HA Text AI: Transforming Home Automation through Multi-LLM Integration
Hey everyone,
I’m thrilled to introduce HA Text AI, an advanced AI integration designed to elevate your home automation experience! What started as a personal project has now evolved into a powerful tool that I’m excited to share with all of you. Screenshots.
Core Concept
HA Text AI leverages multiple AI providers, including OpenAI and Anthropic, to generate intelligent event descriptions, create smart notifications, and retrieve structured information. This integration transforms your smart home into a more responsive and intuitive environment.
Multi-Provider Support
In addition to standard providers like OpenAI and Anthropic, HA Text AI supports custom OpenAI-compatible REST API endpoints, allowing for greater flexibility and integration with various AI models.
Compatibility Requirements:
OpenAI-like REST API structure
JSON request/response format
Standard authentication methods
Similar model parameter handling
Advanced Control Mechanisms
This integration offers a range of features to optimize your AI interactions:
Context Depth Management: Customize conversation history (1-20 previous messages).

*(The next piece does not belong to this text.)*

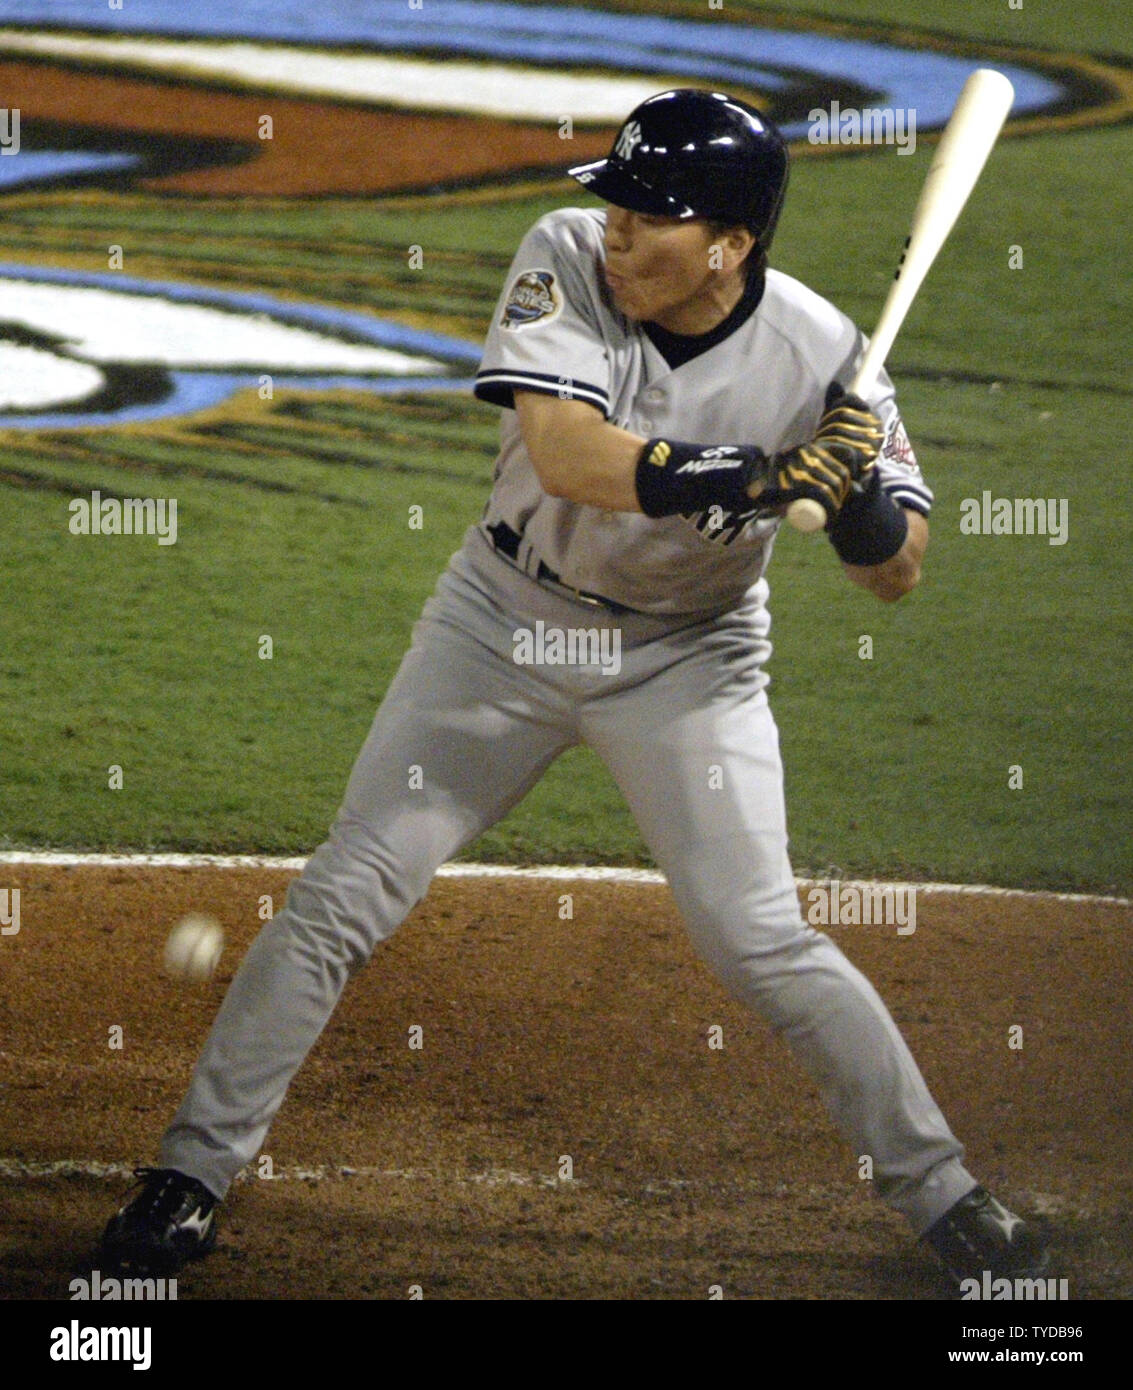 New York Yankees Hideki Matsui is hit by this Josh Beckett pitch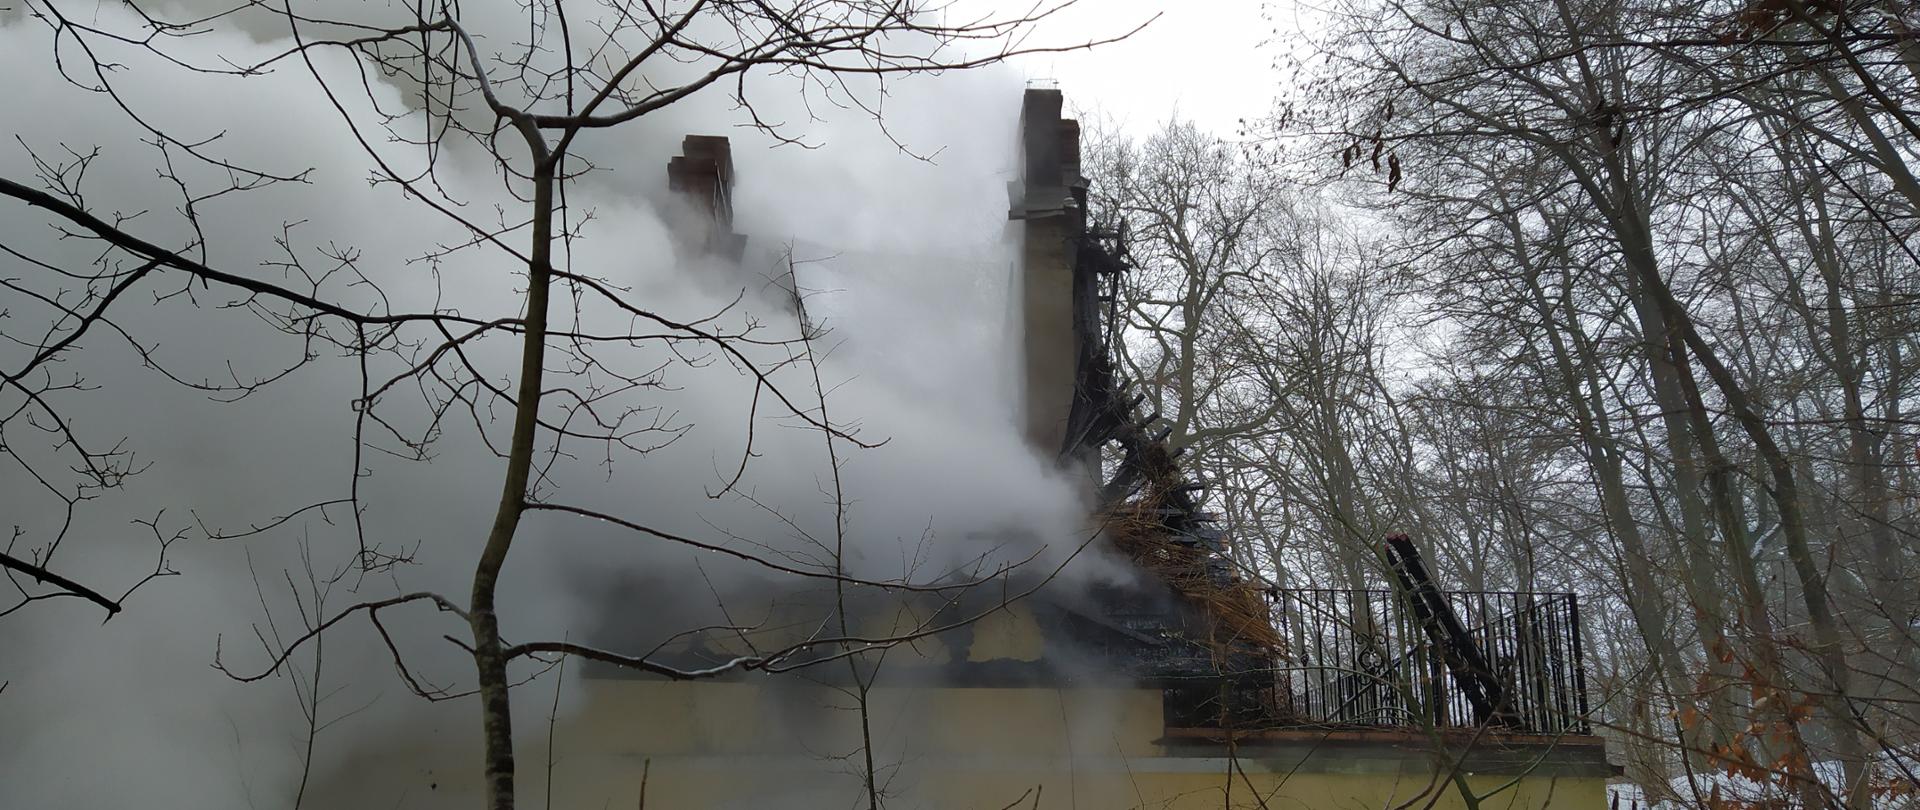 Pożar budynku mieszkalnego w miejscowości Policko (gm. Manowo). Paląca się konstrukcja i przekrycie dachu.

Token Usage Control: Manage memory and optimize API interactions.
Configurable Request Intervals: Implement rate limiting and monitor token usage.
Granular Response Configuration: Adjust max tokens per response and temperature (creativity) settings.
Use Case Scenarios
Intelligent sensor event descriptions
Context-aware notifications
Transformation of raw data into human-readable text
JSON response generation for further automation
Flexible Integration
HA Text AI is lightweight and extensible, supporting:
Multiple AI providers
Customizable response formats
Easy integration with existing automations
Community Invitation
I’m eager to hear your thoughts and ideas! Let’s collaborate and explore how AI can revolutionize home automation together. Your feedback and creative suggestions are invaluable!
Full Documentation
For more details, check out the GitHub repository for comprehensive documentation.
Looking forward to your insights and potential use cases!
Hi! Great job!
Can you give us some examples of use?
Yes, definitely, as soon as I have a bit of free time, I’ll prepare several Blueprints from my automations. For now, I’ll describe them in text, and maybe you can quickly create something yourselves.
I was tired of trying to configure various automation scenarios and account for everything, so the idea was born from my desire to control home climate for comfort. I send a request to AI with a list of humidity and temperature sensors, open/closed window and door statuses, and a history of people’s presence by rooms for a week (which is also automatically generated weekly by a query to the integration, with the response coming in JSON - you can specify the response format to LLM in text, of course there can be comments, but JSON is always correct and easily extractable). Essentially, the trigger is people’s presence or approaching time of presence. AI generates a response in JSON according to a template, indicating how and for how long to turn on the air conditioner, humidifiers, and if windows are open, it sends a push notification that they should be closed. Accordingly, in rooms where people are present, the air conditioner’s power is reduced, and in rooms where people are not yet but will be, it works more intensively.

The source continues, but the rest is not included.